Got all that? Good, because move away from the claims of being a social study, character study or attempt at profound message on the lives of the poor and Best Laid Plans is actually a pretty decent film, I certainly enjoyed it.
What surprised me was how sincere the story was. At no point is the joke on Joseph because he has learning difficulties, in fact the only time a truly harsh comment involving a word like ‘mong’ gets made it‘s Danny making it, and by then I’d become so attached to the two I inhaled and exclaimed to my girlfriend ‘that was harsh’. It’s touching to see how much time has been taken to flesh out Joseph’s character and not just use his situation as a plot device for cheap laughs or disingenuous tension.
It probably helps the acting is exquisite, the support all do their jobs amicably and Stephen Graham as Danny makes for an amazingly watchable and endearing lead, but it’s Adewale Akinnuoye-Agbaje I give the major plaudits to.
Mr Ecko Akinnuoye-Agbaje pitches the character of Joseph perfectly, not one sentence delivered out of place, not one facial expression jarring. Let’s be honest, film fans are dicks, so when a big guy comes along acting out learning difficulties like that guy in Of Mice and Men, he’s going to have to work very hard to not get some laughs in the wrong places. Not once did me or the girl I’m allowed to violate laugh out of place and we really got into the story, which says a lot because we’re both absolutely horrible people and normally laugh hysterically at the sight of black men with learning difficulties fighting in cages.

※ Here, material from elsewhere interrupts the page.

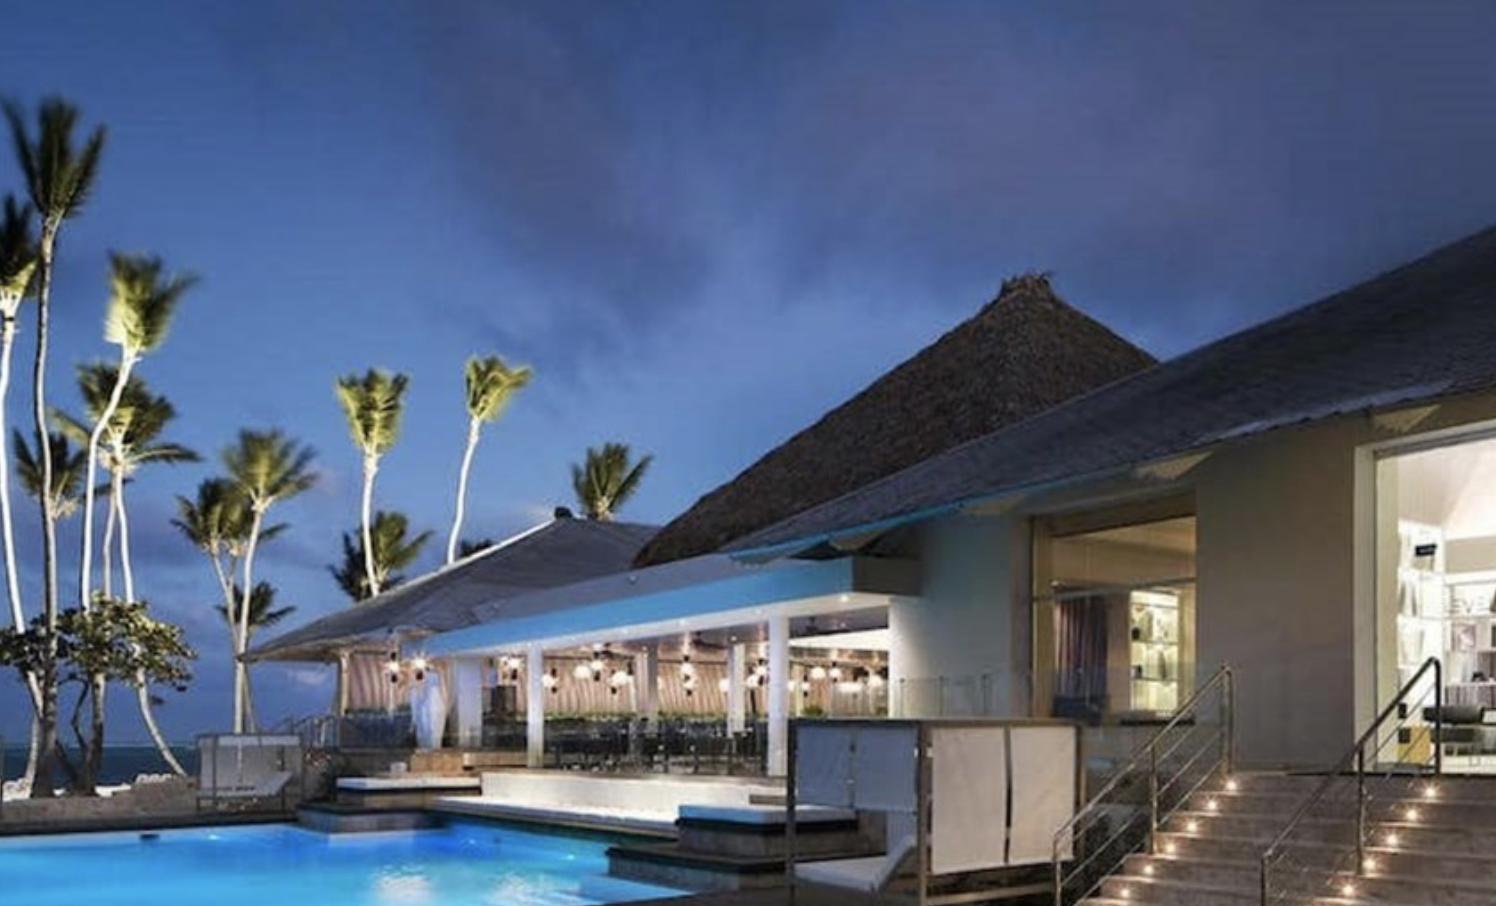 Melia opens Punta Cana beach hotels - Boutique Hotel News

Credit also goes to writers Jeremy Sheldon and Chris Green for producing a well told story, while ‘mad props’ are there for director David Blair to take. Best Laid Plans as a film is very well made, takes it’s time, builds slowly and doesn’t fall into the trap of over-indulgence or miss stepping into trying to be easy on its audience. The cage fights are a great example of this, the cage fights themselves, while well filmed, aren’t actually very long and during each the focus is on everything going on outside the cage, Danny’s torment at watching his friend go through a horrible situation he can’t comprehend and EVIL businessmen like Curtis who look disgusted at events but know it’s ‘best for business’.

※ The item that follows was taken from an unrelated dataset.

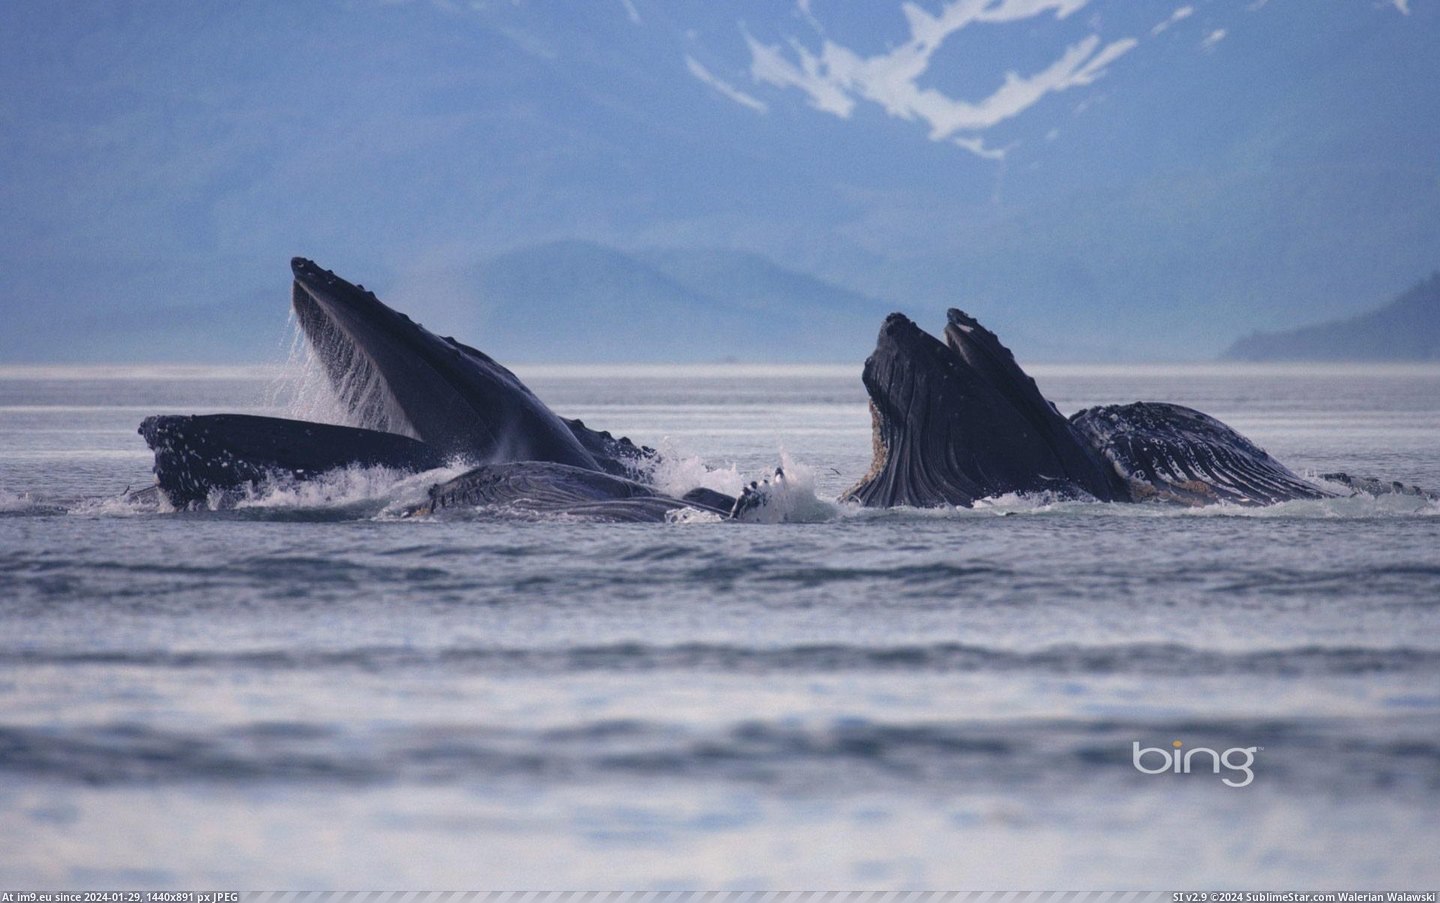 Humpback whales in Lynn Canal, Alaska (in Bing Photos November 2012)

There’s an approach that quite often but not always works when examining how well this type of story is told, I call it the, how many bullets are shot and how important is the act of shooting them? Generally the lower the number of bullet shots the greater their importance and consequentially the deeper the story.
Applying this approach to Best Laid Plans the answer is one, very and deep as fu………………………………………insert analogy for something deep here.
Looks wise you could perhaps criticise Best Laid Plans for being a little dull, but you shouldn’t because it fits the story perfectly, it’s the little things like the decrepit nature of Danny’s flat compared to the luxury of Isobel’s house or Curtis’s apartment that say more than words and save us from the boring expository dialogue that a million and one studio projects build boring 100 minute ‘epics’ on.
In summary then, Best Laid Plans is a deep and well told story, well-acted, well executed and enjoyable to watch even if you are about to give up on life after watching 4 minutes of Video Game High School. It’s marketed horribly and whoever wrote the box blurb has no respect either for Steinbeck, their viewers or both, but ignore the bullshit claims of greatness and you have a pretty decent film…………… I recommend, I really do.